Este processo, que remonta há mais de sete séculos, se transformou de um método espontâneo de escolha para um sistema estruturado e isolado, garantido por reformas significativas ao longo da história.

Mas, por trás desse evento, cheio de rituais e tradição, há uma complexa relação com a conjuntura histórica. Neste texto, queremos apresentar alguns aspectos da complexa história do Conclave, desde suas origens simples até as principais reformas que o tornaram o processo secreto que conhecemos hoje.

Origens e o primeiro milênio

Desde o século IV, o bispo da antiga Roma, distinguido com o título afetuoso de “Papa”, além do título de Sumo Pontífice, derivado da religião cívica romana, constituiu-se como um “primaz” sobre os demais bispos do Império (primus inter pares) porque era (e ainda é) o guardião dos lugares de martírio de Pedro e Paulo e de seus sucessores.
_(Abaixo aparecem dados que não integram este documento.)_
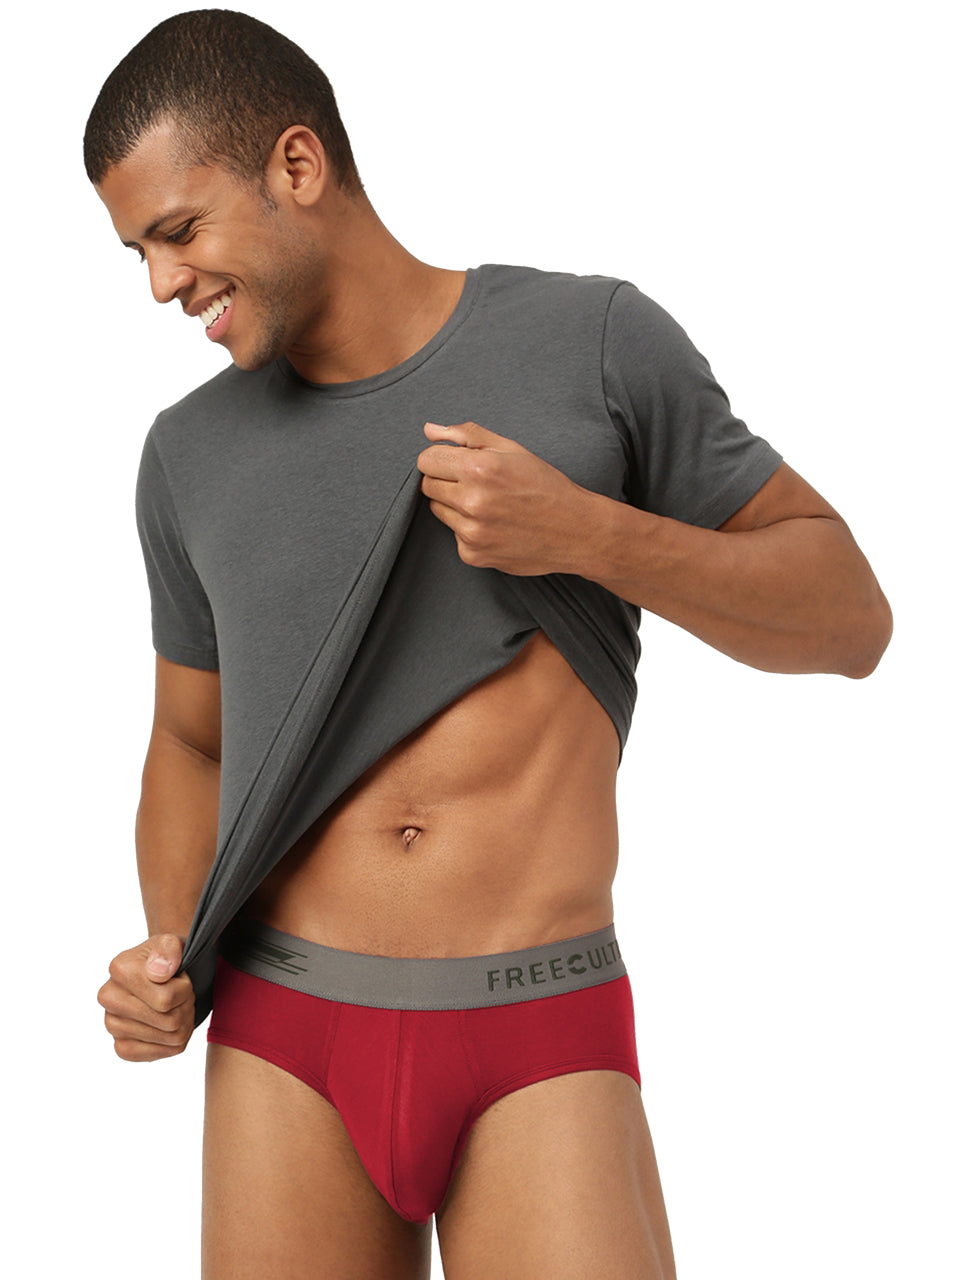 Men's Brief And Women's Boxer Brief Combo (Pack of 2)

Além disso, era o protagonista e intérprete da concepção de unidade (communio) entre os demais bispos do Império convertido à fé cristã.

Naqueles primeiros tempos, a eleição do Bispo de Roma era uma tarefa comunitária, com grande participação dos cristãos romanos. Era escolhido mediante o difundido e tradicional processo de eleição feita “pelo clero e pelo povo”, por aclamação e nunca por meio do voto.

No entanto, conforme o poder da Igreja crescia no Ocidente, também aumentava a interferência de atores externos, como a de monarcas e de imperadores. Esses se viam como autoridades legítimas para influenciar a escolha do líder da Igreja, o que muitas vezes resultava em disputas políticas e na falta de uma escolha unânime.

Reformas no século XI e XII

No século XI, iniciaram-se as reformas fundamentais que moldaram a escolha do Papa como a conhecemos hoje. Essas mudanças ajudaram a formalizar o processo, criando normas mais claras e estabelecendo um caminho para escolhas mais independentes e equilibradas.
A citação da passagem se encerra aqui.